Dritte ERC-Förderung für Jonathan Harrington
Als einer von nur sehr wenigen Wissenschaftlern weltweit erhält Jonathan Harrington vom Europäischen Forschungsrat (ERC) zum dritten Mal einen Advanced Grant. Der ERC fördert mit einem Advanced Grant innovative Forschungsprojekte von Wissenschaftlern, die bereits herausragende Leistungen erbracht haben.
In William Shakespeare's times, 'knee' and 'knot' were pronounced with a /k/, just like German does today. But why did English and not German drop the /k/? This question is part of the actuation of sound change, recognised as one of the greatest challenges in linguistics, and which is about explaining why sound change happens, and why languages can follow such different paths of sound change. The actuation puzzle remains unsolved principally because the beginning of sound change is so gradual that it is undetectable even with modern instrumentation. Yet a breakthrough is essential for explaining why languages split and diversify.
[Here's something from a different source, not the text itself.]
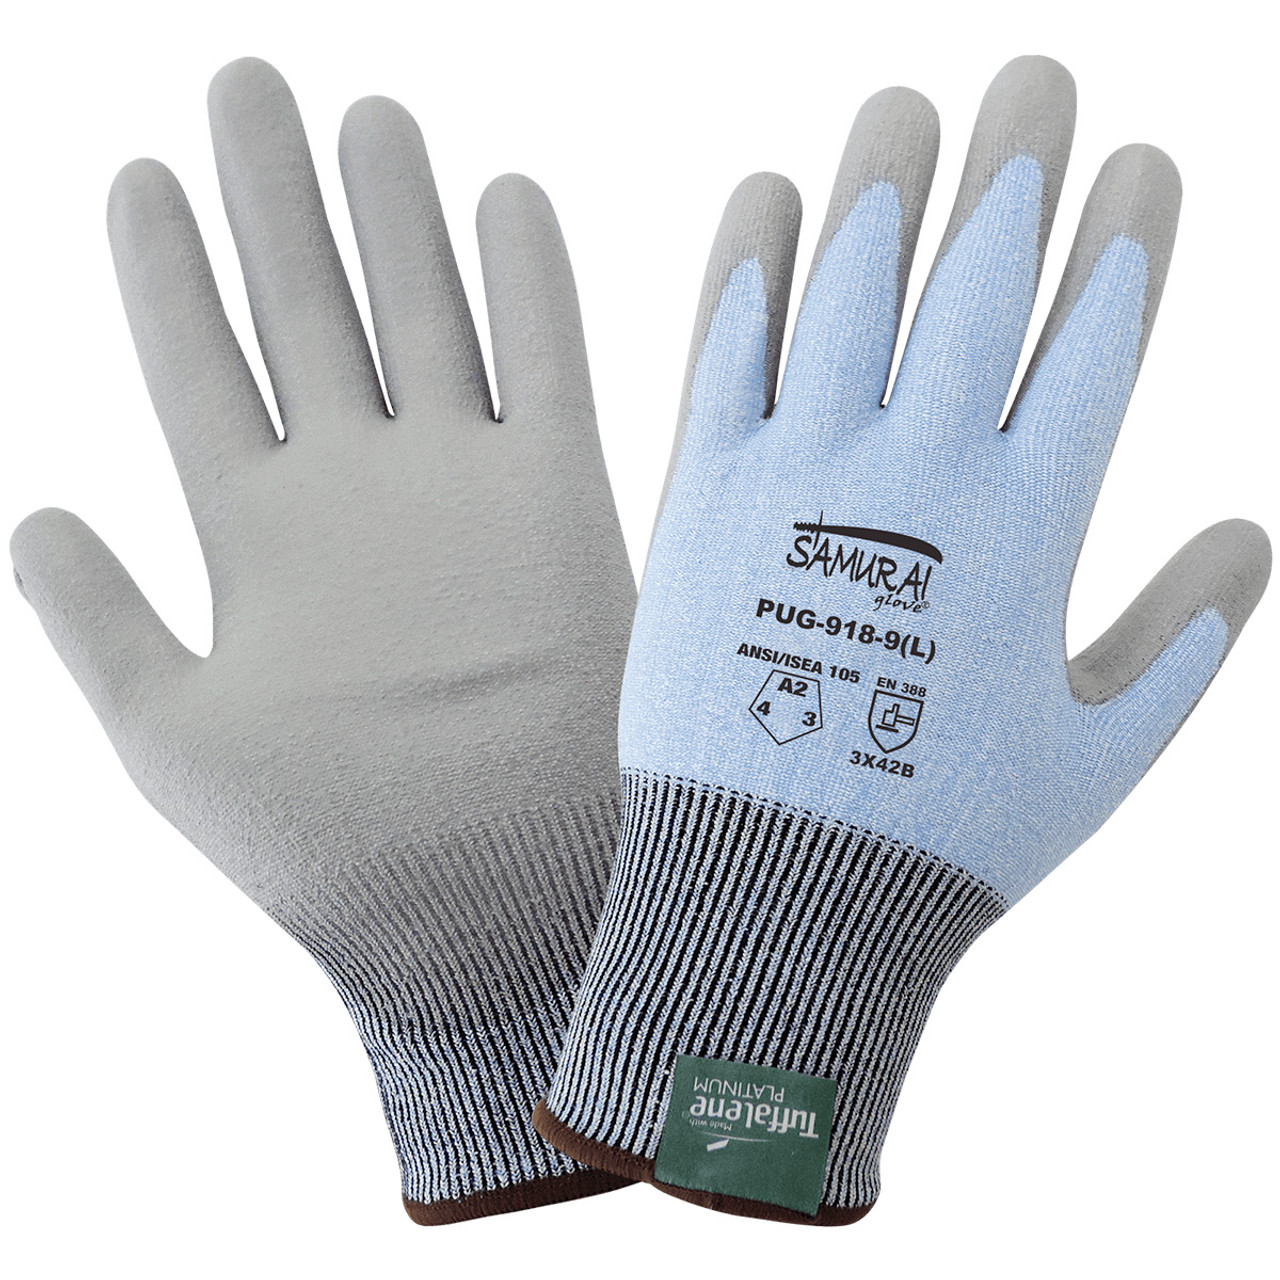 Cut & Puncture Resistant Gloves

The project remedies this deficiency by determining how the cognitive mechanisms that control human speech processing, the social factors that bind individuals together, and the phonetic properties that shape a community's dialect, can, in combination, cause the sounds of the world’s languages to become unstable and change. The methodological innovation is to recast the elusive actuation puzzle as an empirically tractable transformation of an input (A) into an output (B). Here A and B are two closely related, geographically proximal, living dialects whose sound patterns differ in whether one or more common sound changes have taken place. The actuation puzzle is then solved with experiments in human speech imitation and computational modelling in order to estimate which combination of cognitive, social, and phonetic factors transforms A into B. Generalisation is achieved by selecting dialect pairs from Bantu, Indo-European, and Japanese languages that differ markedly in their sound patterns and sociocultural background. The wider scientific impact lies in the commonality with many disciplines including ecology, economics, and geoscience in understanding complex systems (here: language) in which interactions between sub-components (here: communicating speakers) cause transitions (here: sound change) that are unevenly distributed in time.